The CUDA Visual Profiler, nvprof, and the command line profiler can show theoretical occupancy, active warps, and achieved occupancy.
NOTE: The count of CUDA cores should only be used to compare cards of similar architectures, to calculate theoretical FLOPS, and to potentially compare differences between architectures. Do not use the count when designing algorithms.
Welcome to Stack Overflow. The reason is that CUDA cores are pipelined. On Fermi, the pipeline is around 20 clocks long. This means that to saturate the GPU, you may need up to 20 threads per core.
The primary reason is the memory latency hiding model of CUDA. Most modern CPU's use cache to hide the latency to main memory. This results in a large percentage of chip resources being devoted to cache. Most desktop and server processors have several megabytes of cache on the die, which actually accounts for most of the die space. In order to pack on more cores with the same energy usage and heat dissipation characteristics, CUDA-based chips instead devote their chip space to throwing on tons of CUDA cores (which are mostly just floating-point ALU's.) Since there is very little cache, they instead rely on having more threads ready to run while other threads are waiting on memory accesses to return in order to hide that latency. This gives the cores something productive to be working on while some warps are waiting on memory accesses. The more warps per SM, the more chance one of them will be runnable at any given time.

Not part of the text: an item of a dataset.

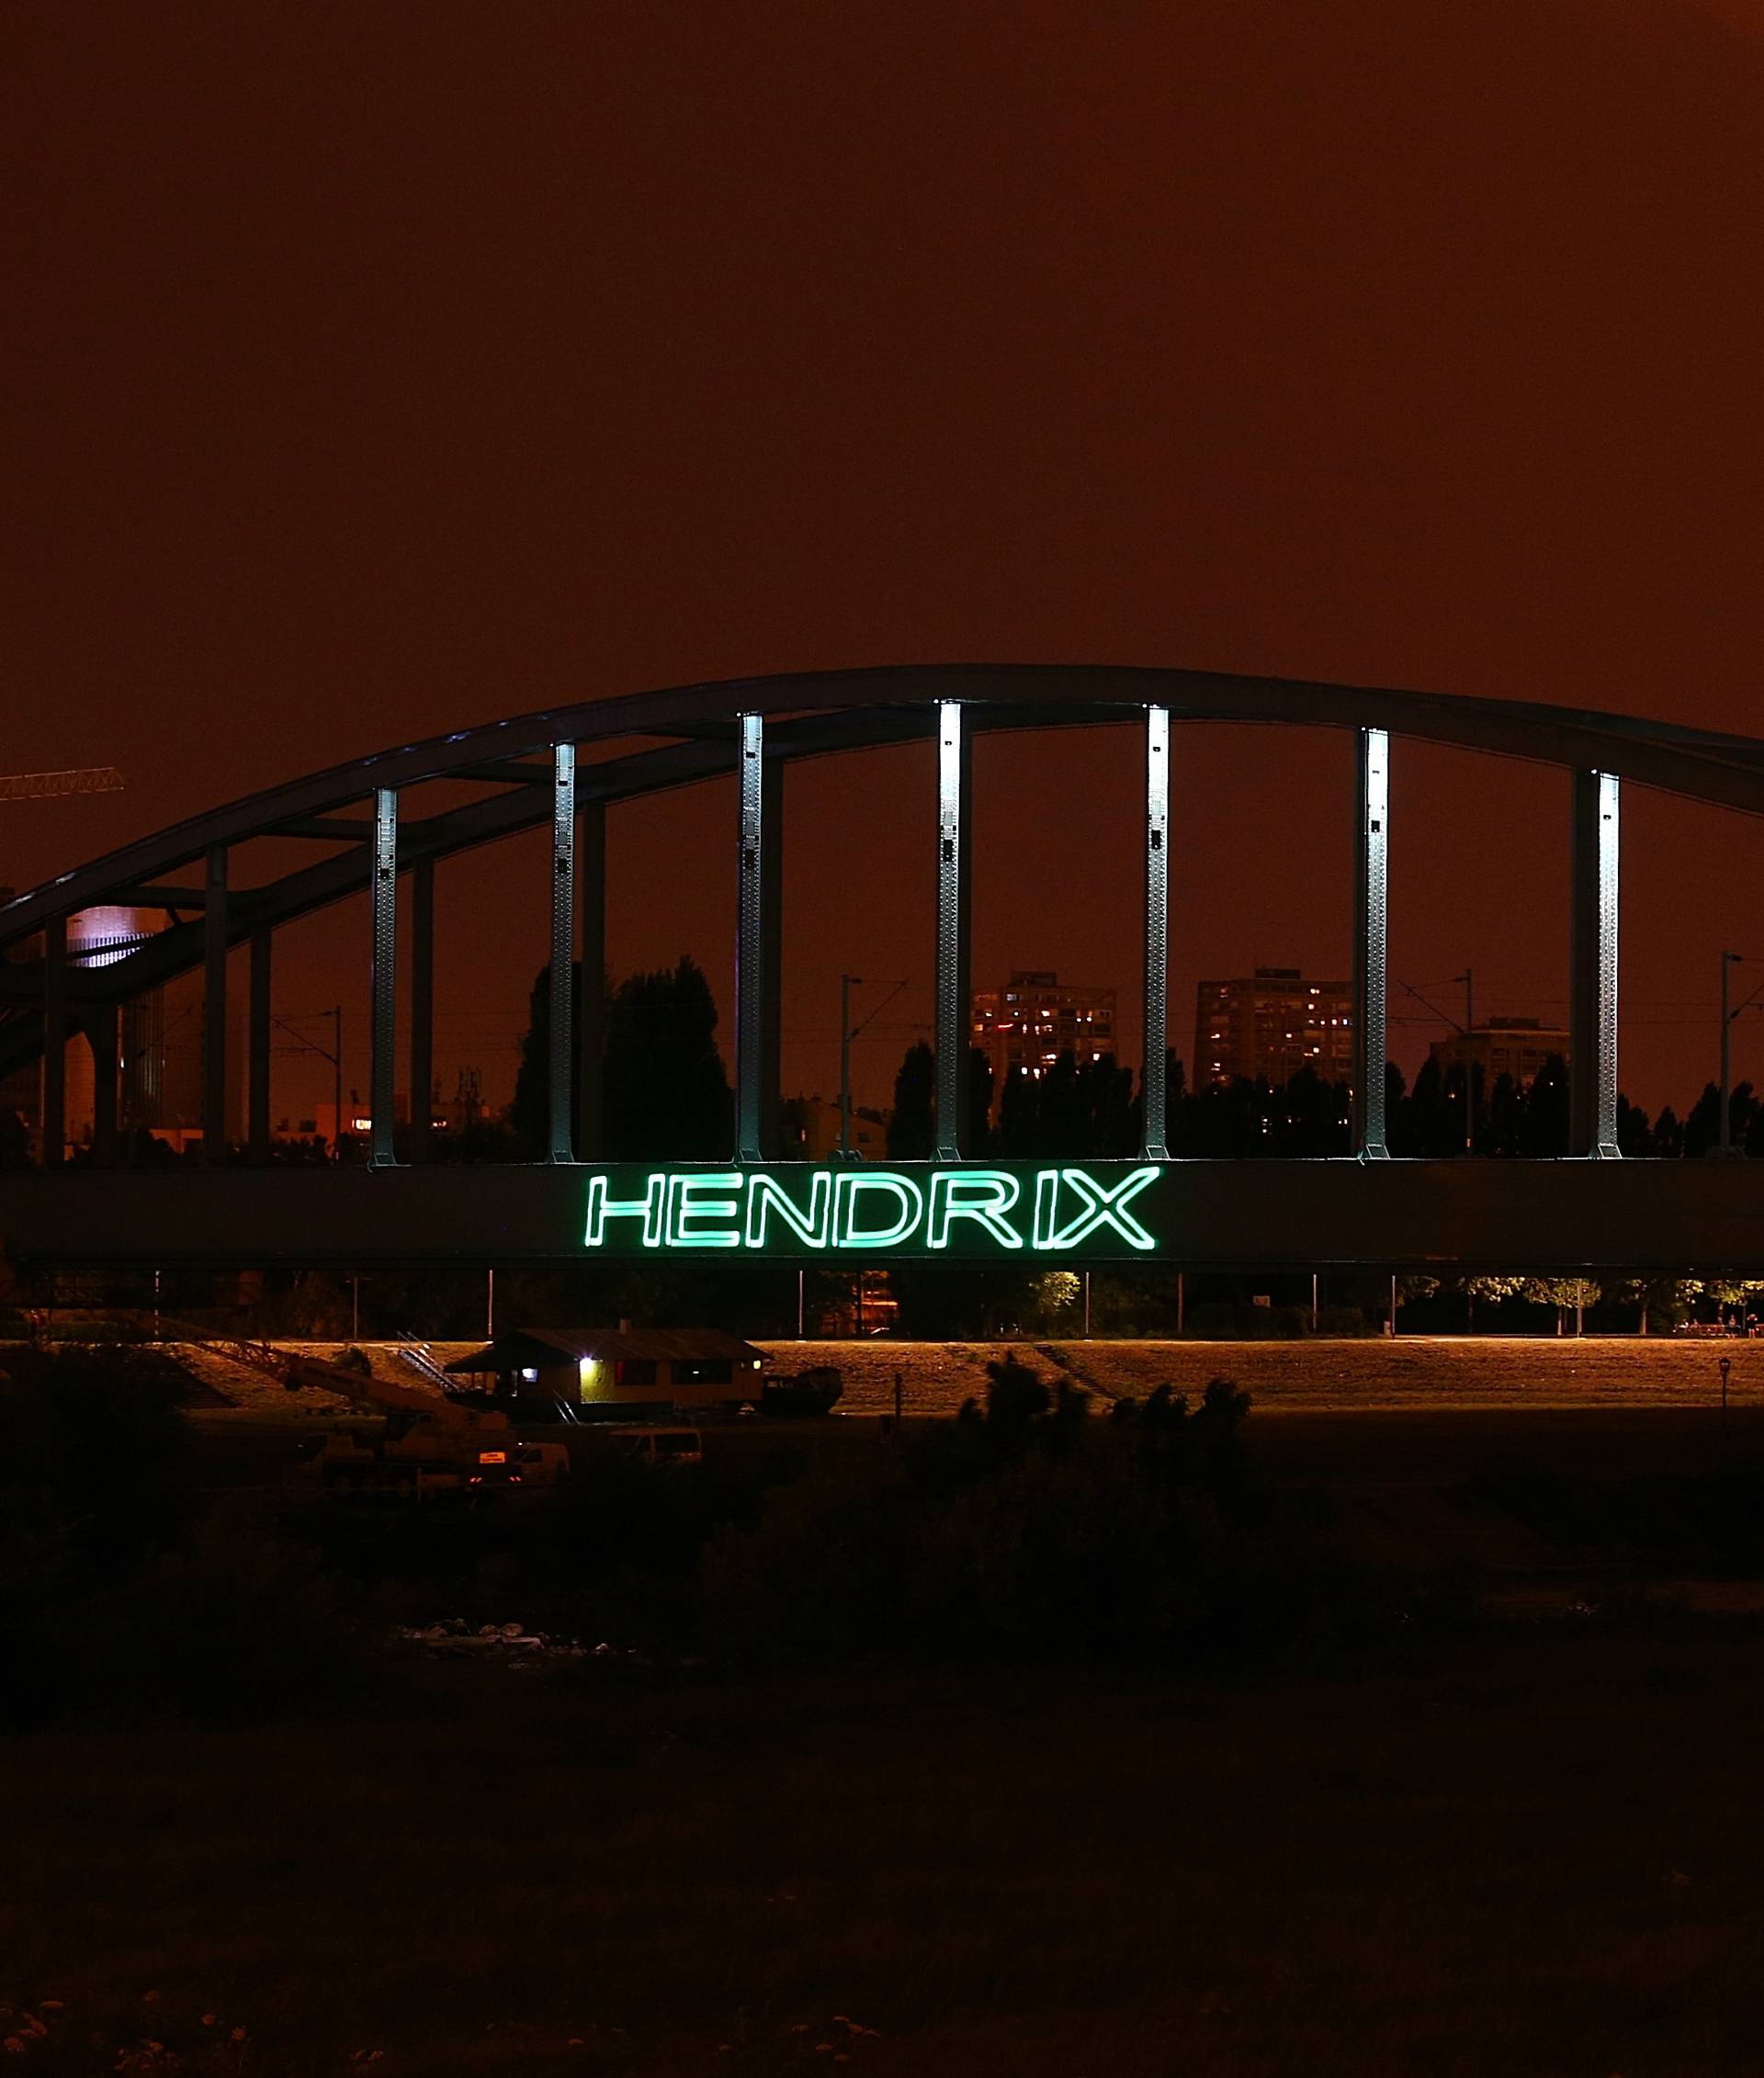 Mile baš voli disko: Hendrixov most sad ima svjetleći natpis!

CUDA also has zero-cost thread switching in order to aid in this memory-latency-hiding scheme. A normal CPU will incur a large overhead to switch from execution of one thread to the next due to need to store all of the register values for the thread it is switching away from onto the stack and then loading all of the ones for the thread it is switching to. CUDA SM's just have tons and tons of registers, so each thread has its own set of physical registers assigned to it through the life of the thread. Since there is no need to store and load register values, each SM can execute threads from one warp on one clock cycle and execute threads from a different warp on the very next clock cycle.